KE = ½ × 0.5 × 12² = ½ × 0.5 × 144 = 36 J. At 24 m/s: KE = ½ × 0.5 × 576 = 144 J. Ratio = 144/36 = 4. Doubling speed quadruples KE.

Marking: 1 mark 36 J; 1 mark 144 J with ratio = 4 and correct conclusion.

Q1.3

Positive direction = forward. W_net = ΔKE: −F_b × 40 = 0 − ½ × 600 × 25² = −187 500 J. F_b = 187 500 / 40 = 4687.5 N. Negative sign confirms force opposes forward motion.

Marking: 1 sign convention stated; 1 correct KE calculation; 1 correct force.

Q1.4

Reference level: h = 0 at ground. KE₁ + U₁ = KE₂ + U₂: 0 + mgh₁ = ½mv² + mgh₂. Cancel m: g(h₁ − h₂) = ½v². v = √(2 × 9.8 × (8 − 3)) = √98 = 9.90 m/s.

Marking: 1 correct conservation equation written; 1 substitution; 1 answer 9.90 m/s.

Q1.5

(a) F = P/v = 80 000/40 = 2000 N. (b) P_new = 2000 × 50 = 100 000 W = 100 kW. (c) Increase = (100 − 80)/80 × 100 = 25%.

Marking: 1 per part.

Q1.6

Stage 1 — frictionless hill: KE_bottom = mgh = 200 × 9.8 × 20 = 39 200 J.
Stage 2 — flat road (engine off): W_net = ΔKE: −300 × s = 0 − 39 200. s = 39 200/300 = 130.7 m.

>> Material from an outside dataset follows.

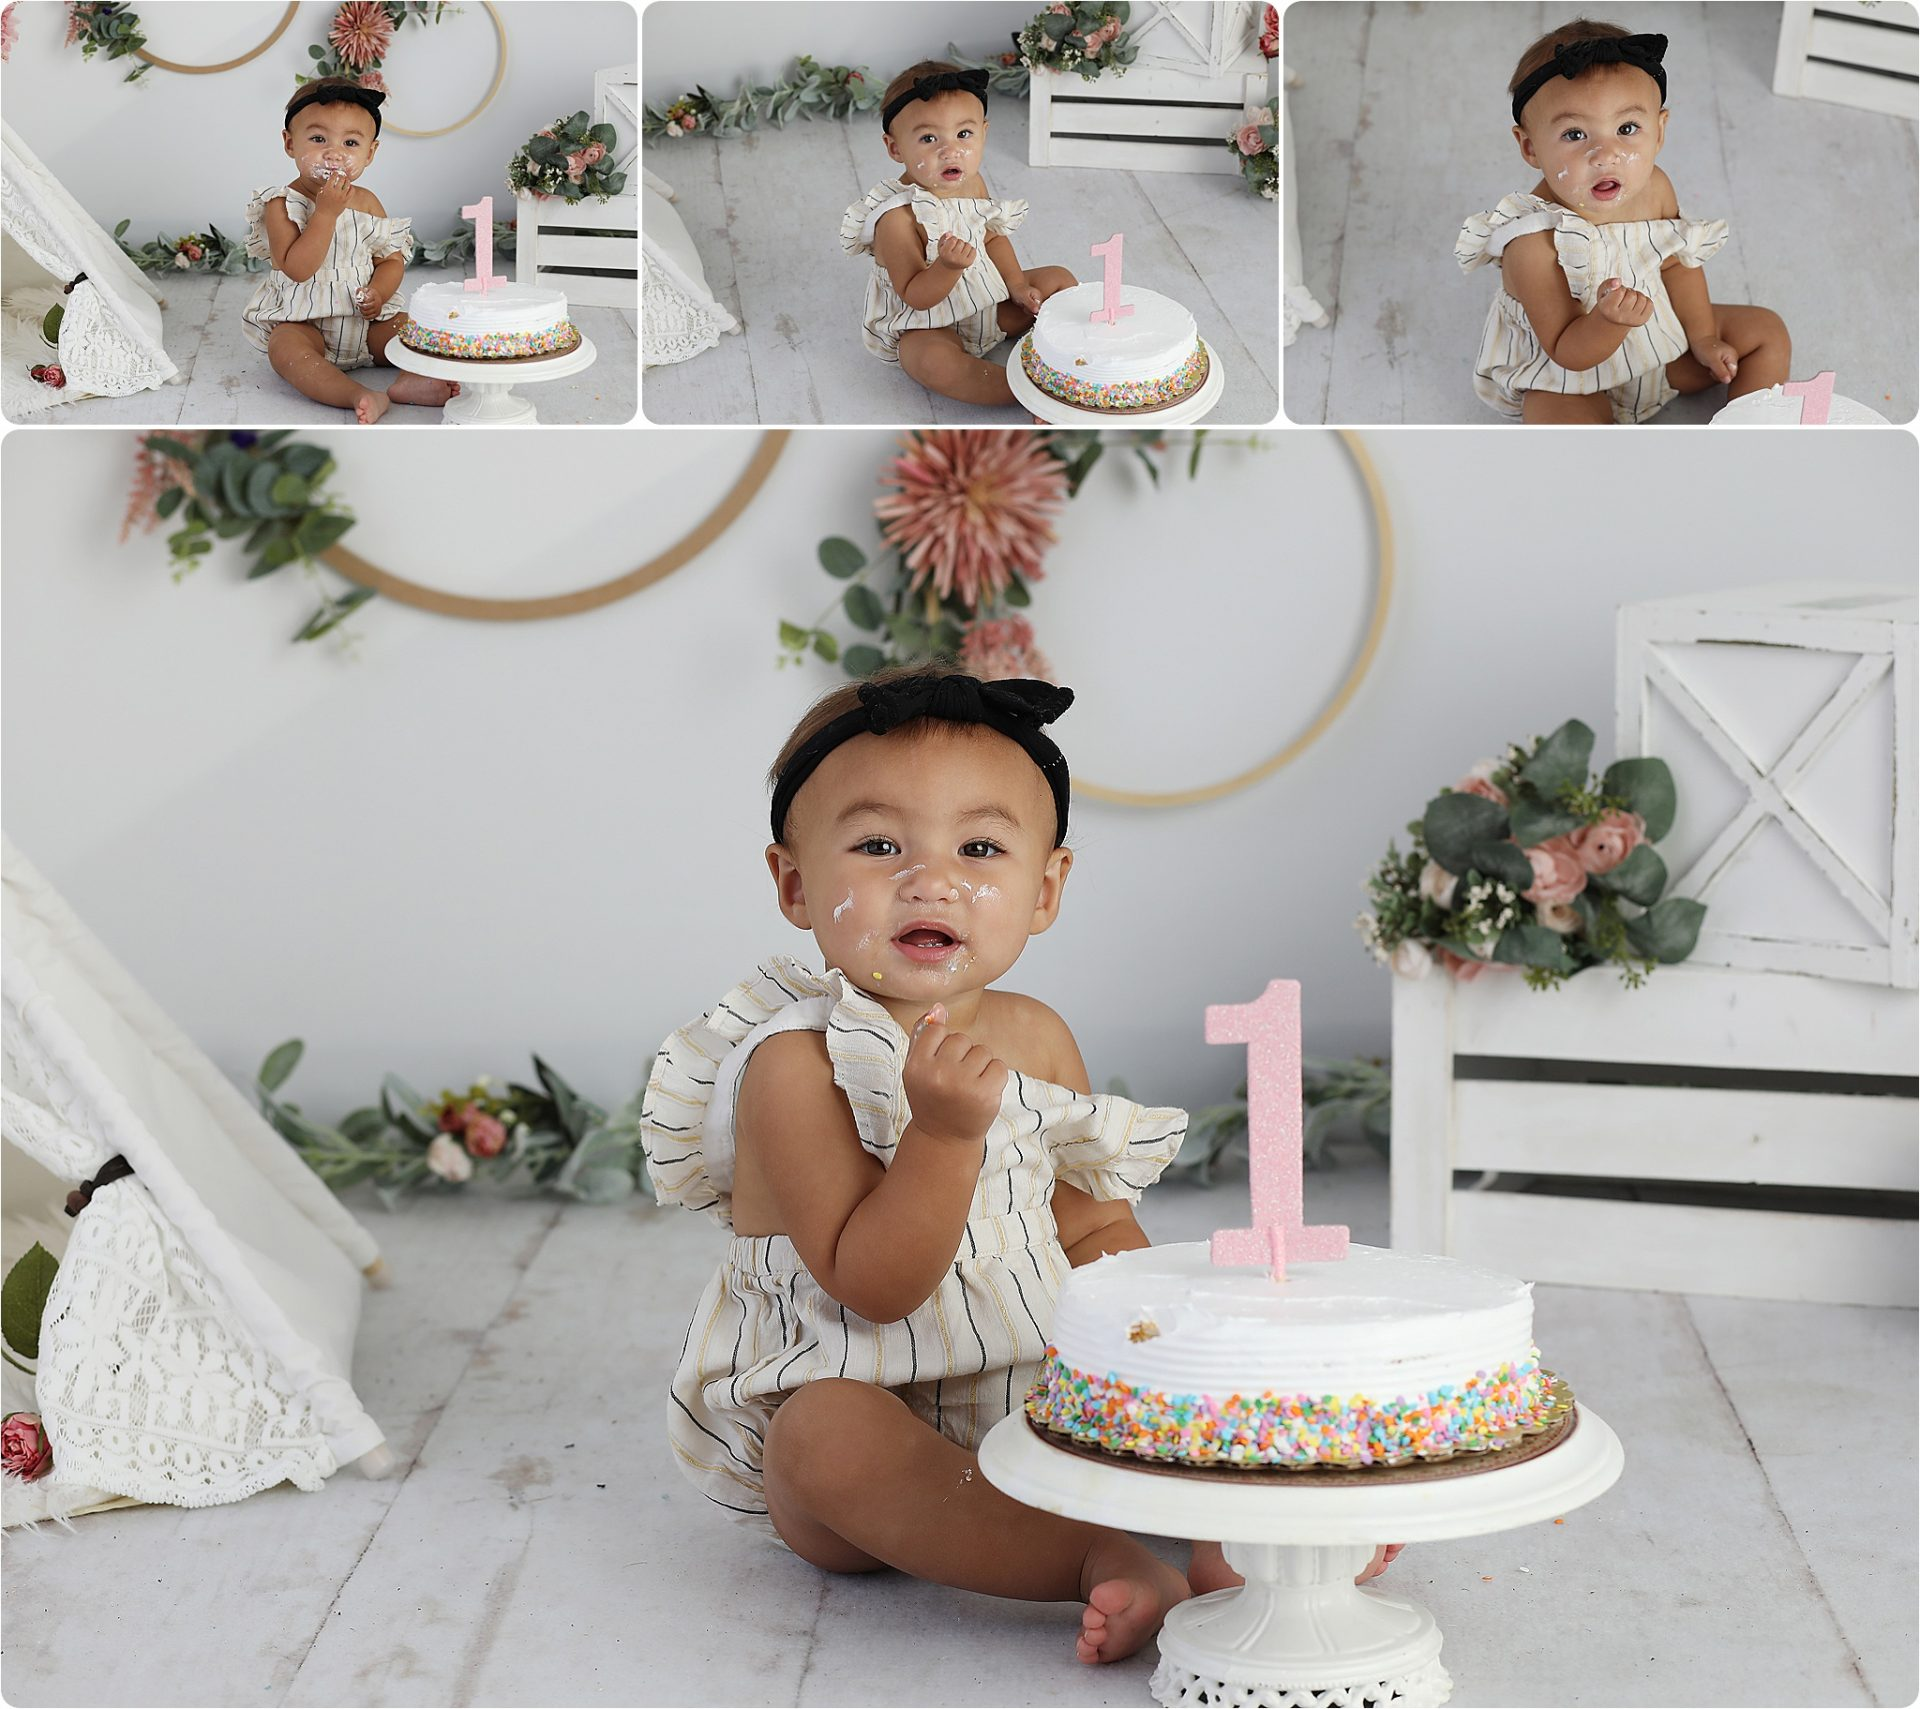 Tucson baby Birthday photos

Marking: 1 correct KE at bottom; 1 correct W_net equation set-up; 1 answer 130.7 m.

Q2.1

The curve is parabolic (concave up), not a straight line. This is because KE = ½mv² — kinetic energy is proportional to vsquared. Each equal increase in speed produces a progressively larger increase in KE.

Q2.2

From graph, KE at v = 5 m/s ≈ 25 J. Algebraic check: KE = ½ × 2 × 25 = 25 J. Consistent.

Q2.3

Error: the student treated KE as proportional to v (linear reasoning), but KE ∝ v². Correct statement: At 4 m/s, KE = 16 J; at 8 m/s (double the speed), KE = 64 J. Ratio = 64/16 = 4. Going from 4 m/s to 8 m/s (doubling speed) quadruples KE, not doubles it.

Q3.1

Error: student used slope distance (80 m) as Δh instead of vertical height. Δh = 80 × sin30° = 80 × 0.5 = 40 m. Corrected: ΔU = 5 × 9.8 × 40 = 1960 J (exactly half the student’s answer, because sin30° = 0.5).

Q3.2

Error: student used only W_applied = 1200 J, not W_net. W_net = W_applied + W_friction = 1200 + (−400) = 800 J. Corrected: ½mv² = 800 J → v = √(2 × 800/m). (If m = 10 kg: v = √160 = 12.6 m/s, not 15.5 m/s.)

Q3.3

Error: weight acts vertically and does zero work on horizontal motion. On a flat road at constant velocity, F_drive = F_resistance (from Newton 1) — not mg. The driving force equals the resistance force stated in the problem. If resistance = 900 N: P = 900 × 25 = 22 500 W = 22.5 kW — far more realistic than 294 kW.